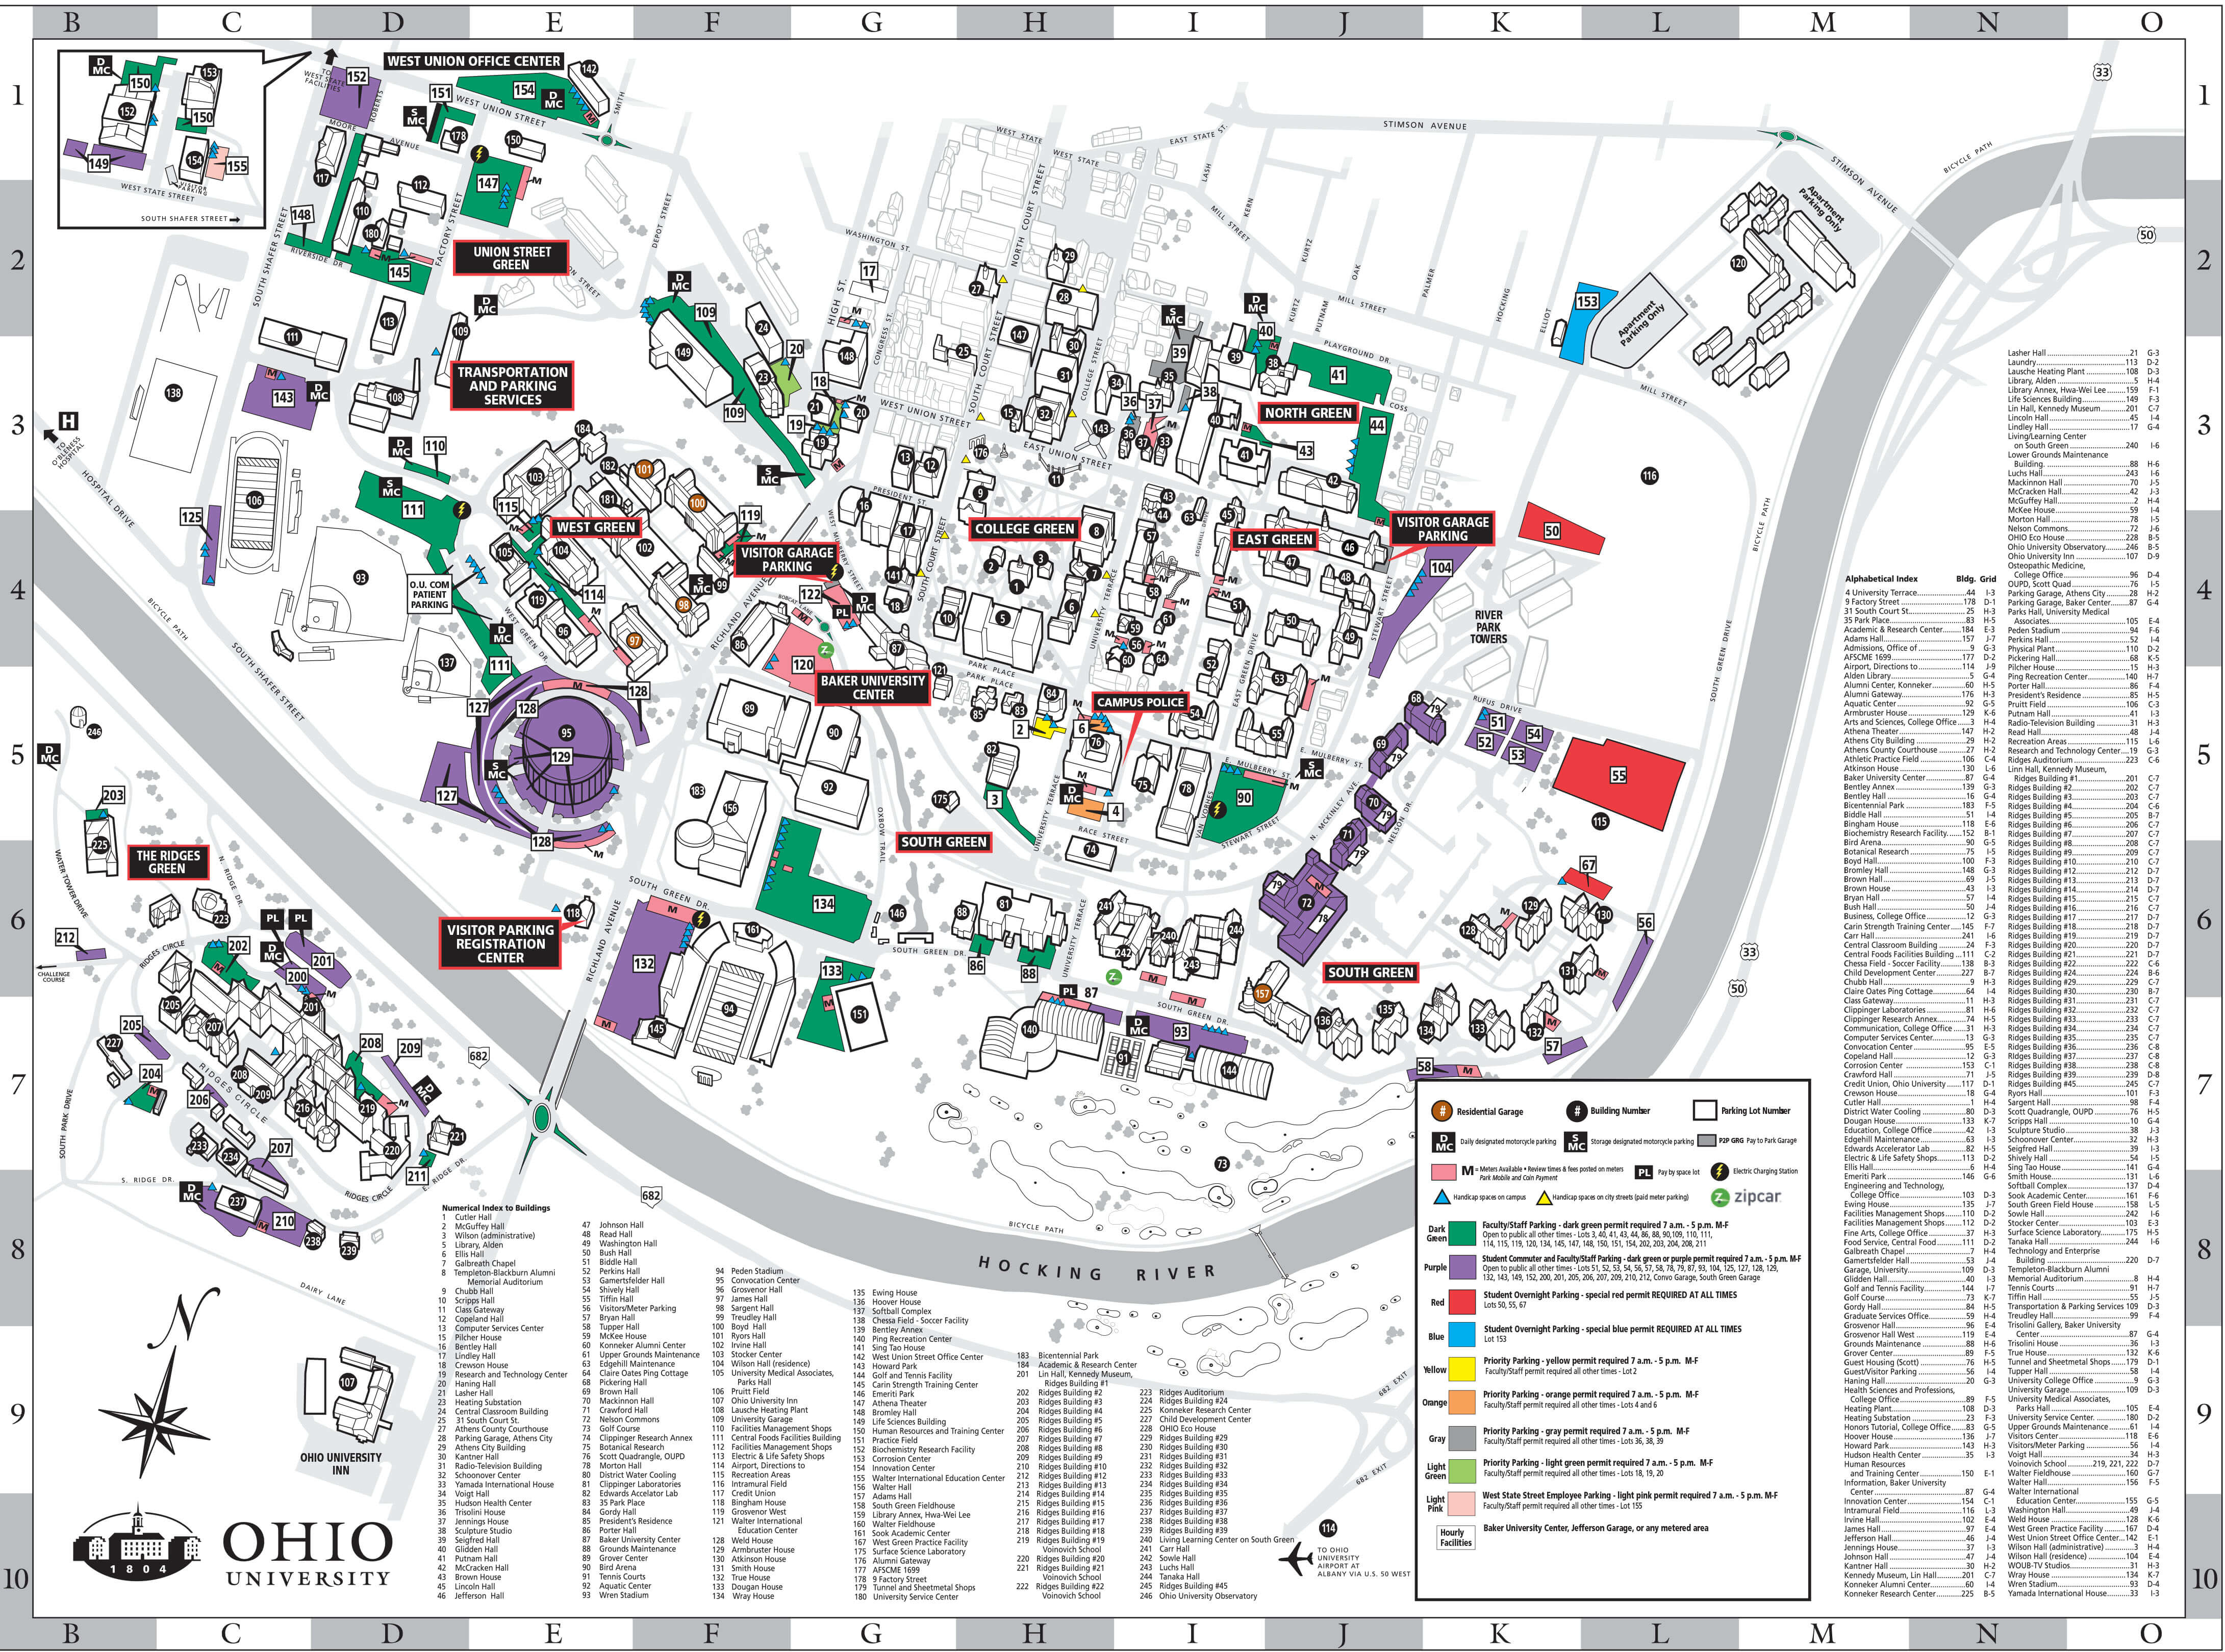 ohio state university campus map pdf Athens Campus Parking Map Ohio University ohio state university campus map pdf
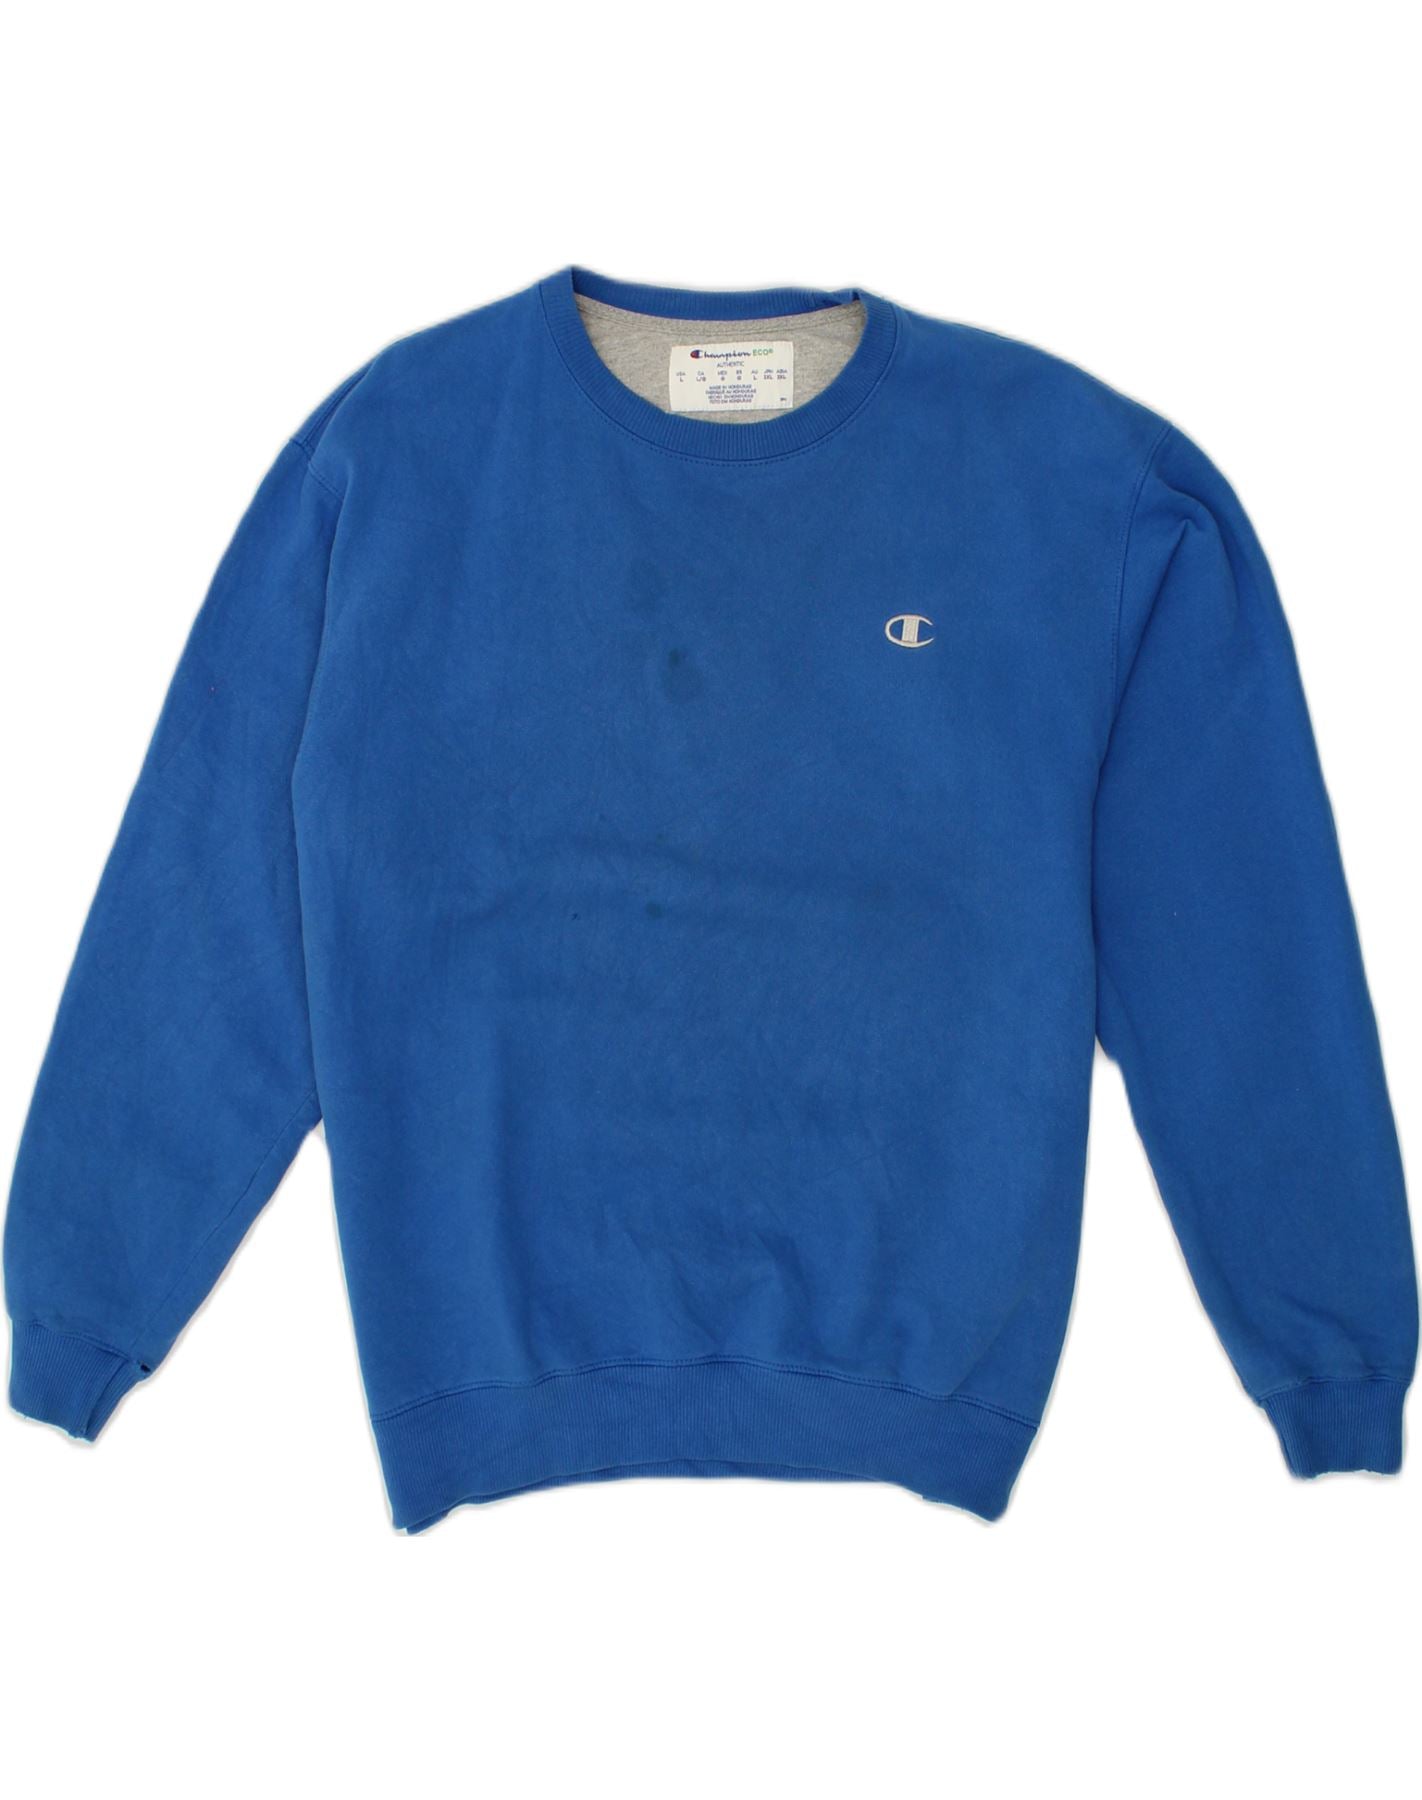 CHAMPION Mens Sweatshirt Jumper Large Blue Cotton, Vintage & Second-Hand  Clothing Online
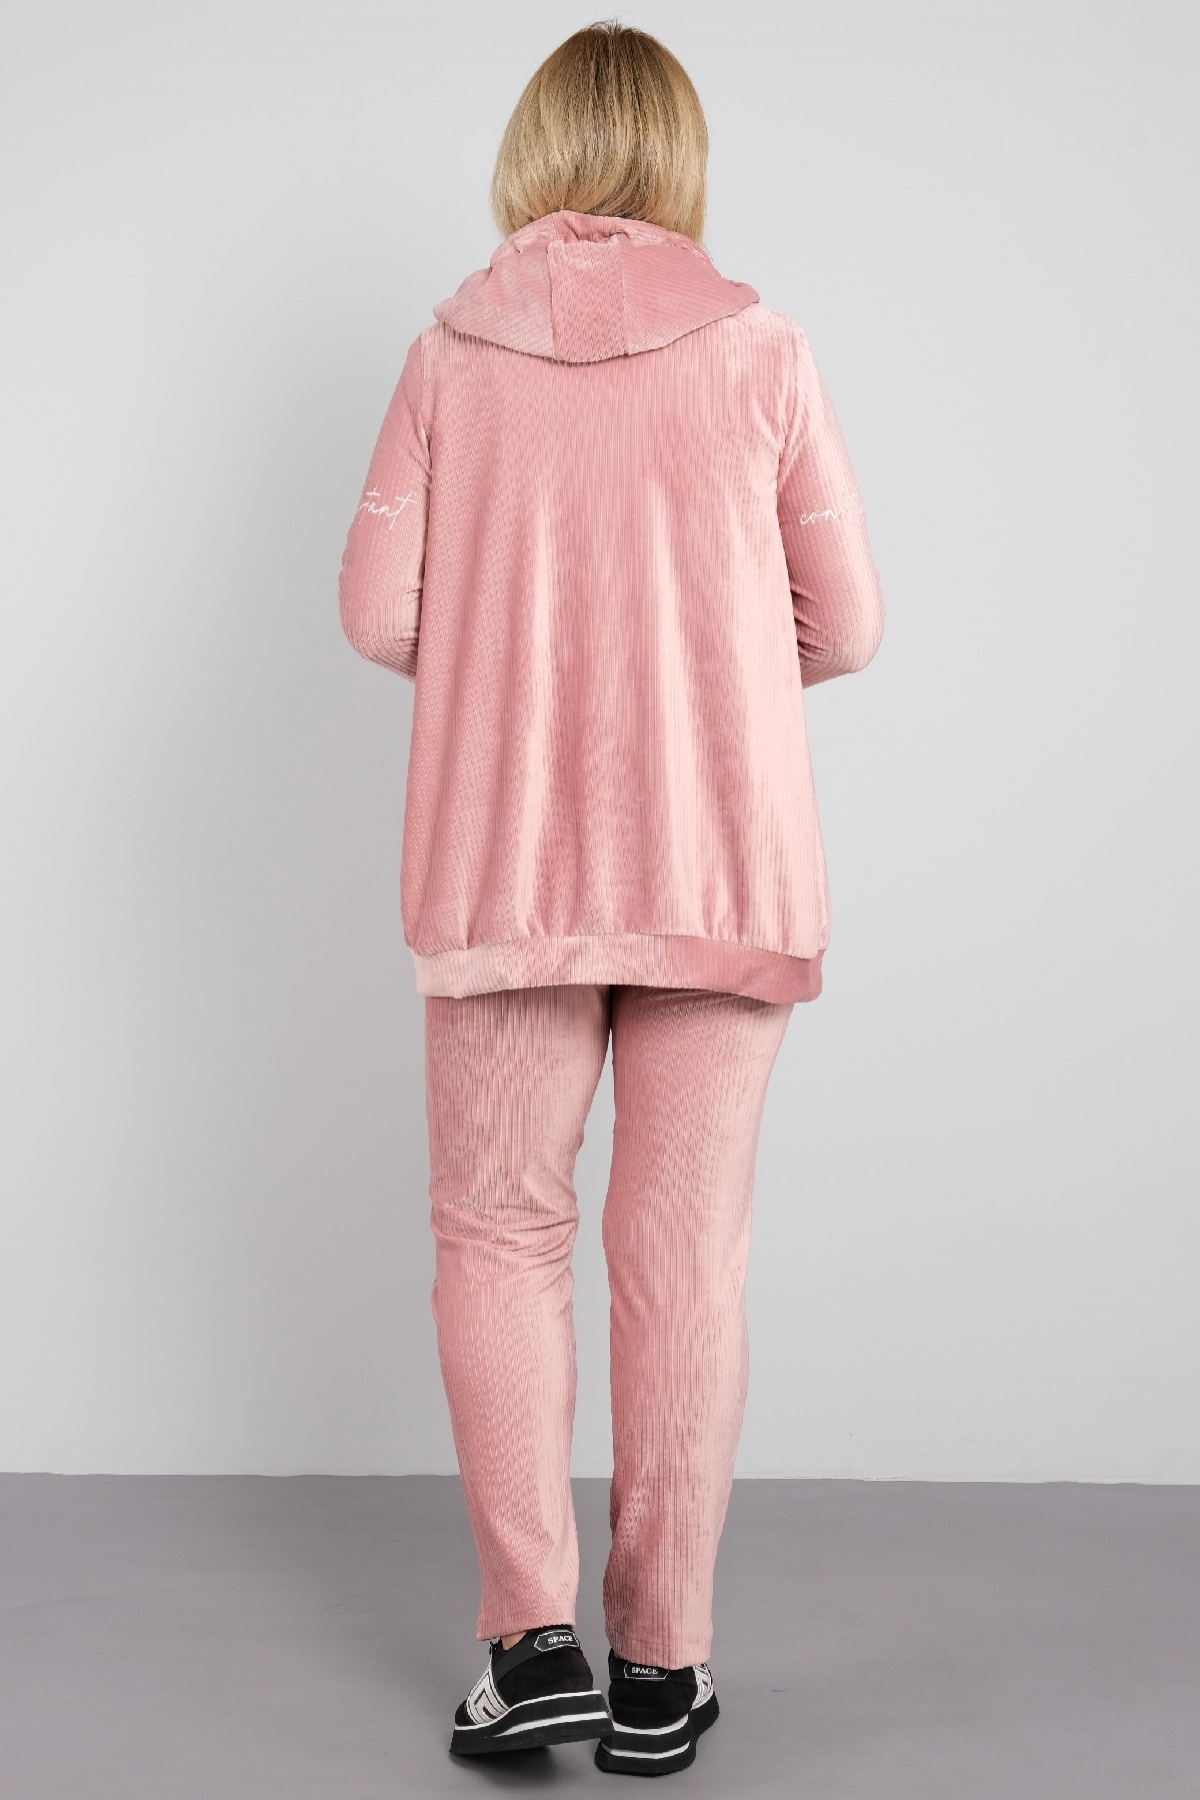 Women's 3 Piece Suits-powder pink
______________________________
How to complete this task :: From the line containing "CHAMPION Mens Sweatshirt" to the end of the data above, give those lines again verbatim, with both endpoints included and no images.

Response ::
 CHAMPION Mens Sweatshirt Jumper Large Blue Cotton, Vintage & Second-Hand  Clothing Online
 Women's 3 Piece Suits-powder pink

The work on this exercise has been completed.